Winternitz is considered quantum safe since its security is not based on a difficult problem like the logarithm discrete, but relies on hash function (e.g SHA-256). In short, it consists of computing each element in a chain by hashing the previous element.

W-OTS iteratively applies a function on a secret input, the private key, whereas the number of iterations depends on the message to be signed.

Unlike traditional signature schemes that use a single private key for multiple signatures, Winternitz OTS generates a new private key for each signature. Therefore, a private key can only be used one time reason why they are called One-Time signature.

I am not totally sure about the source, but it seems It was introduced by Robert Winternitz in 1982.
It is an extension of the Lamport one-time-signature scheme which offers the possibility to decide how many bits will be signed together.
In short, W-OTS iteratively applies a function on a secret input, the private key, whereas the number of iterations depends on the message to be signed.

Reference: 1. eprint.iacr.org/2011/191.pdf, 6. sphere10.com, github.com/ - Winternitz one time signature

[TOC]

Introduction

General description

Winternitz are One-time Signatures, meaning that a privite key can only be used to create one signature
They are slower than Lamport signature, but it uses smaller keys.
Winternitz works on element of 256 bits, for example a 256-bit hash of a message
- For example, the 256-bit hash can be produced with SHA-256.
Winternitz does not sign bit by bit, but sign bytes
Private key is a set of 32 seeds (sk0).
Public key is a set of 32 values (pk).
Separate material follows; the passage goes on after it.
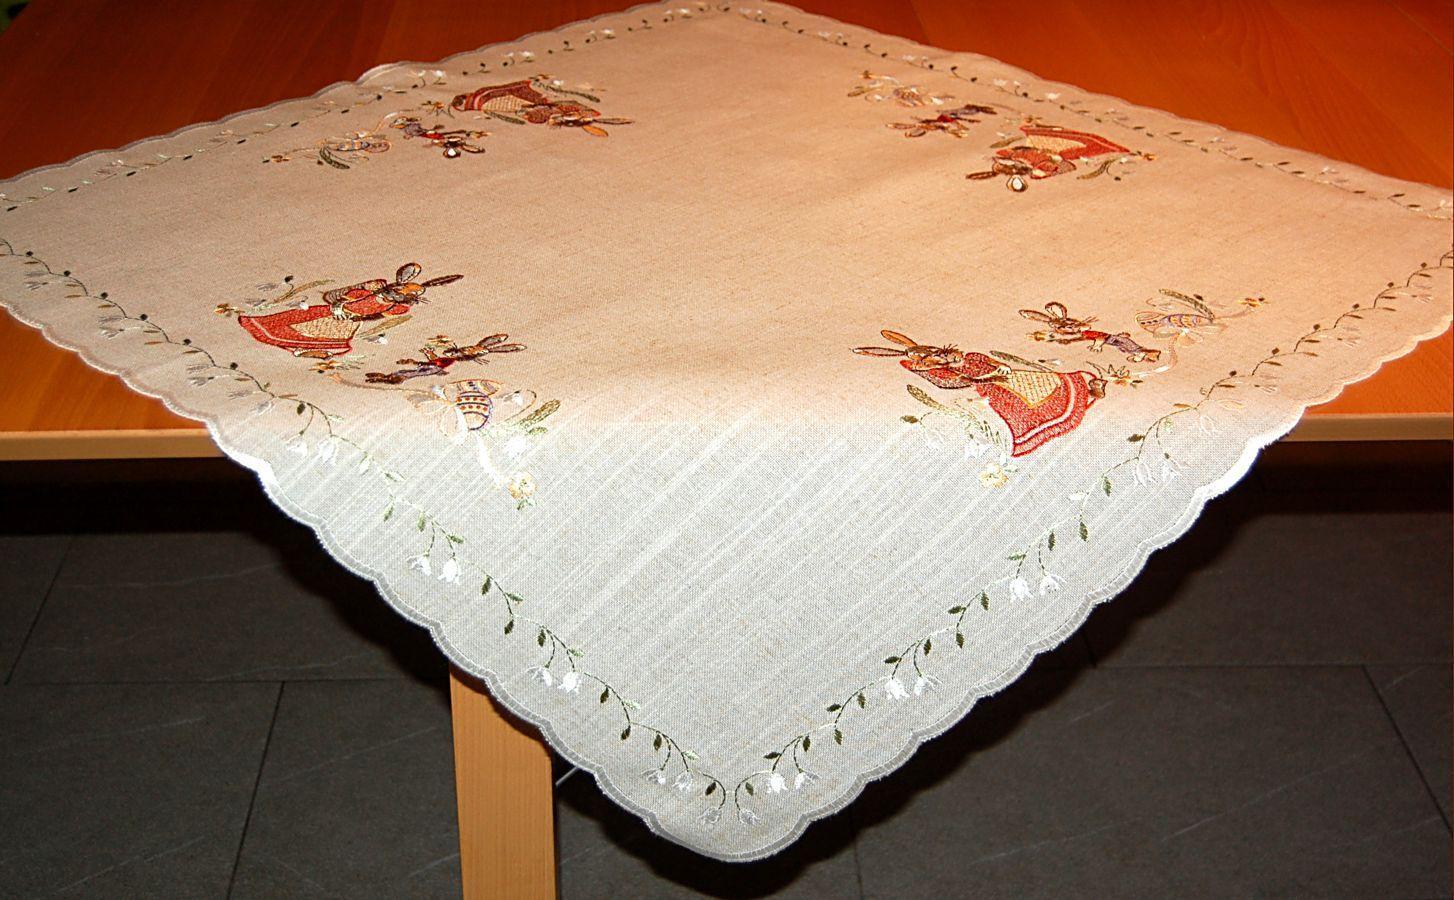 tischdecke 84x84 cm plauener spitze ostern leinenoptik. Black Bedroom Furniture Sets. Home Design Ideas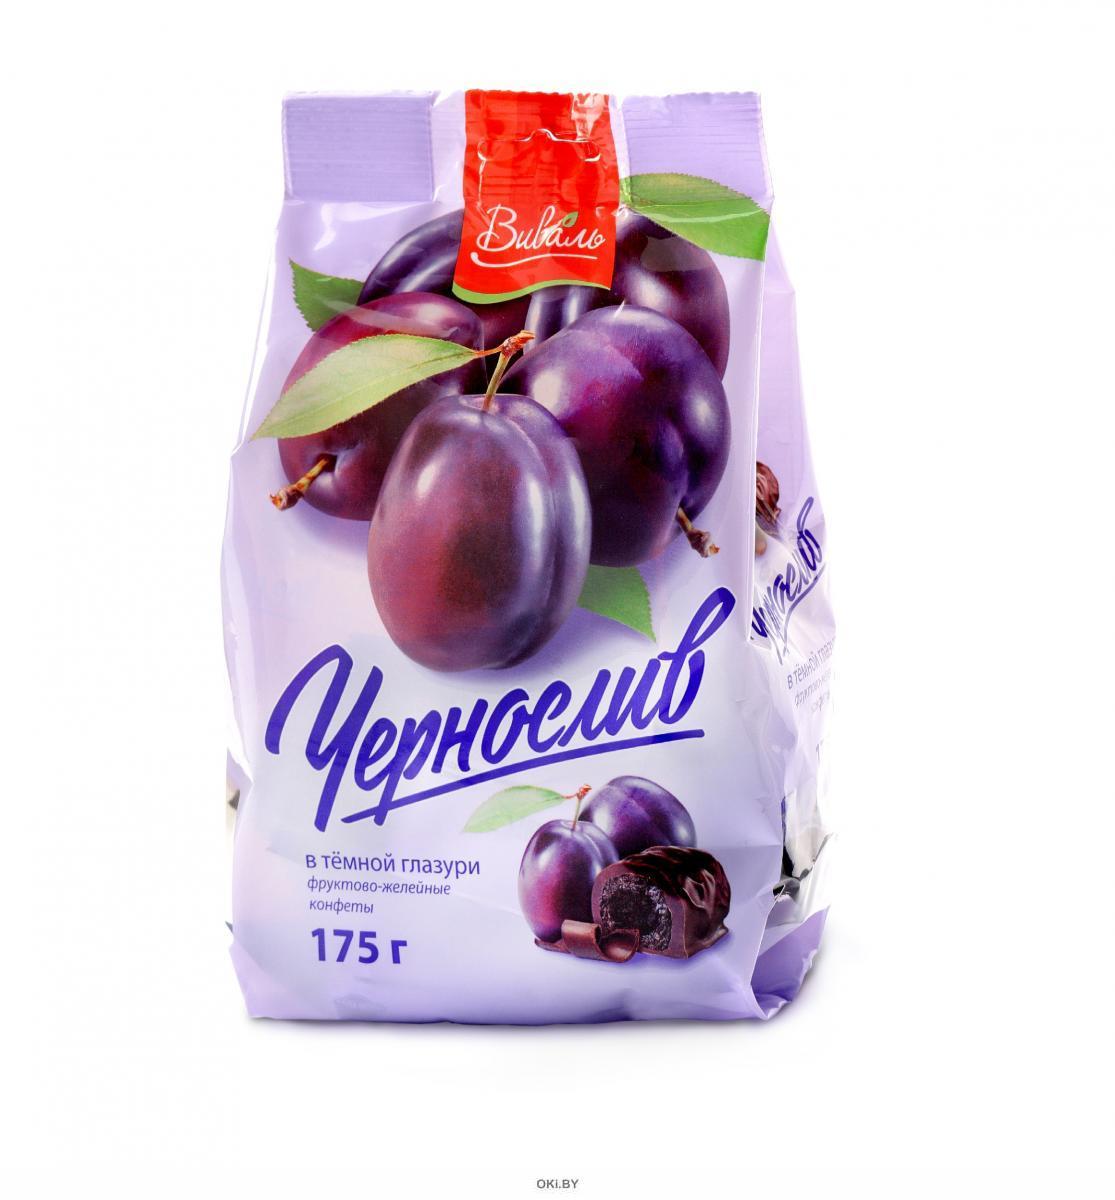 Фруктово-желейные конфеты

This is also the last value computed with the different hash operation.
Signatures are (32 + checksum) elements.
Storing all lists makes too large keys → compute them on the fly using the hash function.
Add a checksum since the final secret list is the public key.

Winternitz parameter (w)

The Winternitz parameter (w) defines the amount of numbers those bits can represent (w = 2^{bits}).

Winternitz OTS introduces a parameter w, which controls the trade-off between the size of the signature and the efficiency of the signing process. The parameter w is referred to as the Winternitz parameter and affects the signature in two ways:

A larger value of w results in shorter signatures but slower overall signing operations; it has little effect on security.
A big w makes for a small sequence of big numbers, a small w makes a big sequence of small numbers. Bigger sequences (so a small wtend to result in bigger signatures. Bigger numbers increase the amount of hashes you need to calculate.
In WOTS+, according to the XMSS RFC, choices of w are limited to the values 4 and 16 since these values yield optimal trade-offs and easy implementation.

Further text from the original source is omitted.